I’m not a hardware CPU expert, but on a multi-core CPU, I believe that the level-1 cache is not shared with other cores so the exact moment another core “sees” the new values is somewhat undefined.[/quote]No, that is wrong! You can never have two valid copies of a value - the technical term for this problem is cache coherency, and every relevant CPU (for us) guarantees that - even across multiple processors. In fact, I know of no common processors where this is not the case. Here’s a very interesting read of why:

However the C++ standard allows non-cache coherency even for atomics, saying that data should be visible “within a reasonable amount of time”.

Next up is memory ordering - which only describes the order of operations. All x86 hardware is guaranteed strongly ordered which means all stores and loads happen with acquire/release semantics per default. ARM processor are weakly ordered conversely, IIRC, which means the ordering of your operations can now be completely random - a ticking time bomb, if you do not account for it! This is the equivalent of std::memory_order_relaxed.

This stuff is important to get right, especially for multithreaded library implementations! Because the C++ standard memory model is additionally also weakly ordered!

[quote]For many simple audio processors, the exact moment in time when the audio thread “sees” the new parameter value from the GUI is somewhat irrelevant as long as the audio thread “sees” the new parameter value soon enough. And again, from a practical standpoint, and for all relevant x86 CPUs, we can be nearly certain that the value will have been synched within the next audio callback[/quote]As I’ve just stated, from the x86’s hardware’s point of view: You are guaranteed this atomically the exact moment you store the value in the UI thread from the audio thread! But from the compilers perspective - it is free to never reload the value at all - even for the lifetime of the program (hello, infinite loop!): With C++11 it is allowed to reason that nothing else changes the value, because that would be undefined behaviour since the data type is not declared atomic.

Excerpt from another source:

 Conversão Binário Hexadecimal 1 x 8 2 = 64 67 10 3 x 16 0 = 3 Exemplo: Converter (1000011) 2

These sorts of things are also why people get surprised about what tricks compilers pull on signed overflow - there are filled pages on stack overflow with these sorts of questions. Unfortunately for us, memory ordering and concurrency is highly indeterministic and near impossible to trace, and the bugs will often only reproduce in some customer’s specific computer setup.

[quote]However, if your audio processor relies on a specific order in which audio parameters are changed then the current JUCE code will not guarantee this order.[/quote]This should be documented!

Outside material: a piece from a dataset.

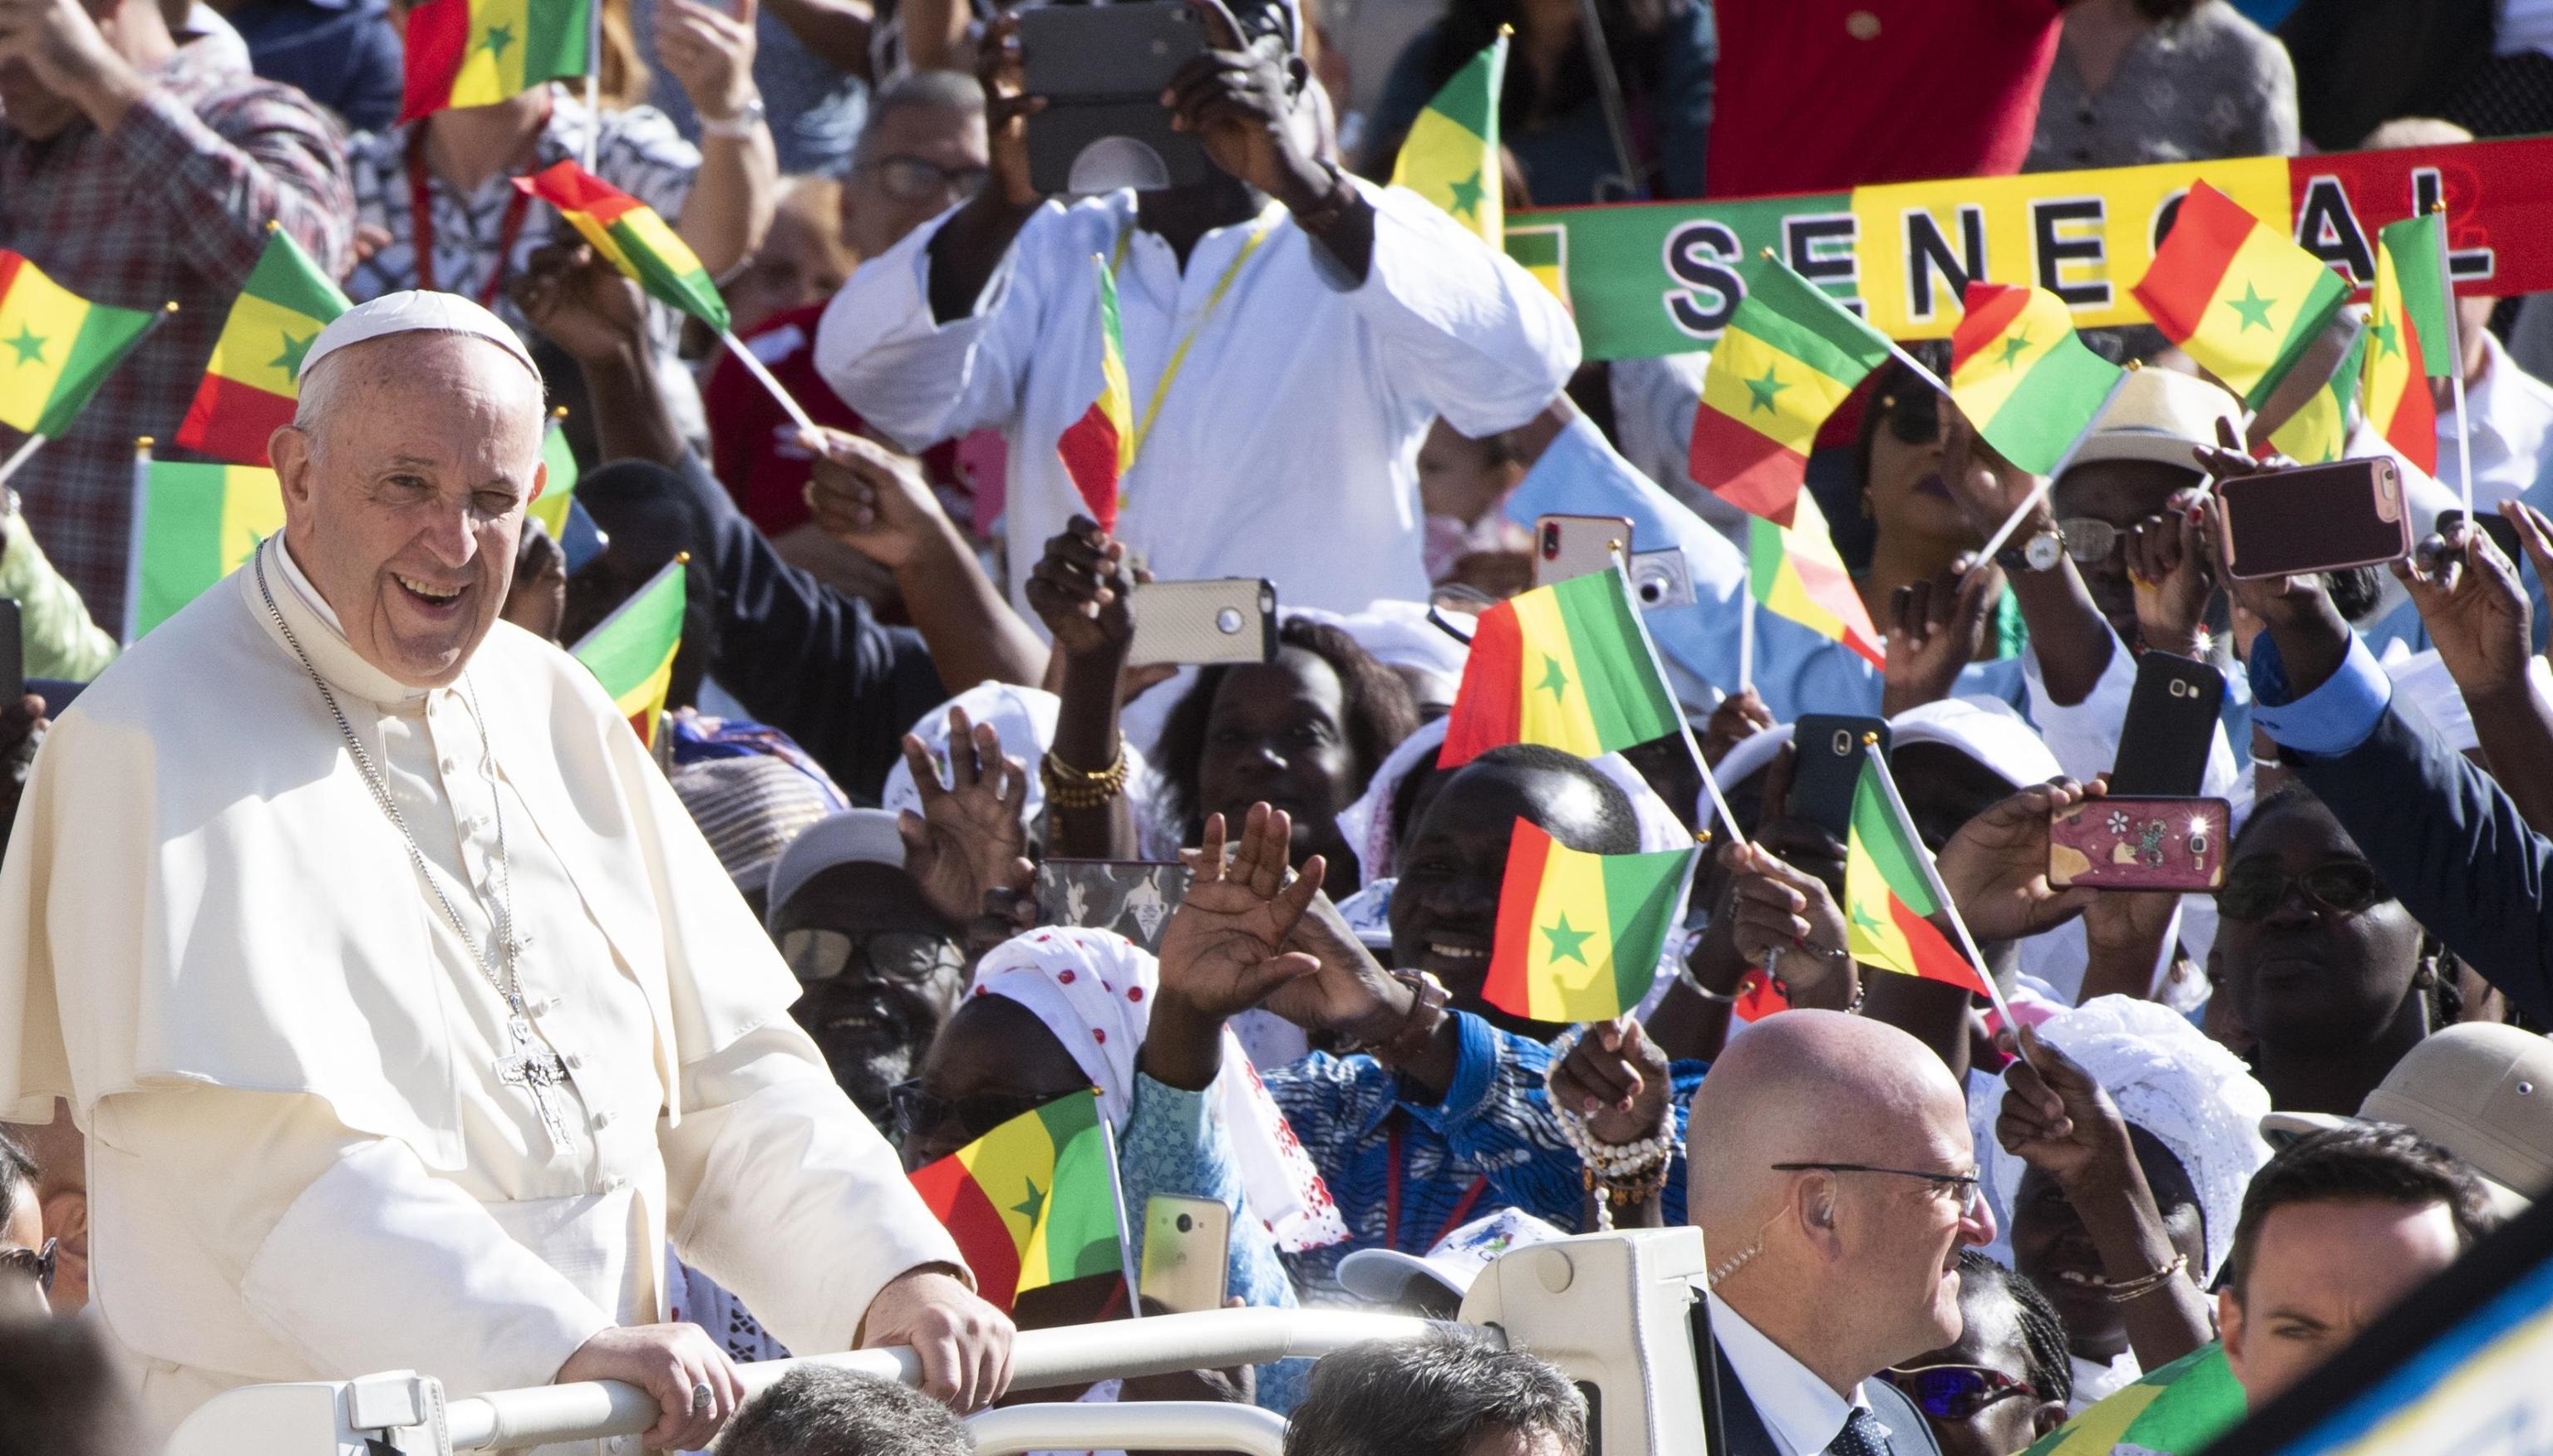 Una folta comunità senegalese saluta il Papa di ritorno dal viaggio apostolico in Africa

[quote]Also, if you copy an audio parameter to a local variable (for example to avoid audible tearing in your process callback) then you cannot rely on that local variable being constant throughout the process callback: the optimiser may replace the local variable with loads to the actual value which can change it’s value during the process callback.[/quote]Yes but that’s true only for non-atomic values, all the more reason for using atomic variables!

[quote]Also, note that using std::atomic when not really necessary can be a performance hit. Some compilers will generate a sync instruction every time an atomic variable is read from or written to, forcing the cache to be flushed which can take up valuable time. [/quote]You may need to update your compilers. As said, acquire/release on x86 is already the default behaviour, so there’s no overhead anyway. On ARM and others, however, there is - if you need acquire/release semantics - otherwise, just use std::memory_order_relaxed which enjoys the natural performance of the processor - but crucially still informs the compiler that the value can be changed from the outside! If this affects your program performance-wise, it was erroneously written to begin with. Even if so, it probably doesn’t compare to instruction cache misses when you traverse multiple virtual function calls to obtain the parameter value in the first place.

I really don’t know why we’re discussing whether or not this undefined behaviour is okay - of course it isn’t - I really think you should fix this! Yes, data tearing and memory ordering are hardware side-effects but that’s not really the important point here: When you’re allowing undefined behaviour (and especially when you’re not giving the compiler vital information about the data types), the compiler can do all sorts of crazy stuff (as mentioned above in the link), and of course eventually format your harddrive.

Note that the compiler and standard has no notion of ‘entrypoints’, so even this is not guaranteed - the compiler is free to move loads and stores even over function boundaries as long as it’s covered under the ‘as-if’ optimization.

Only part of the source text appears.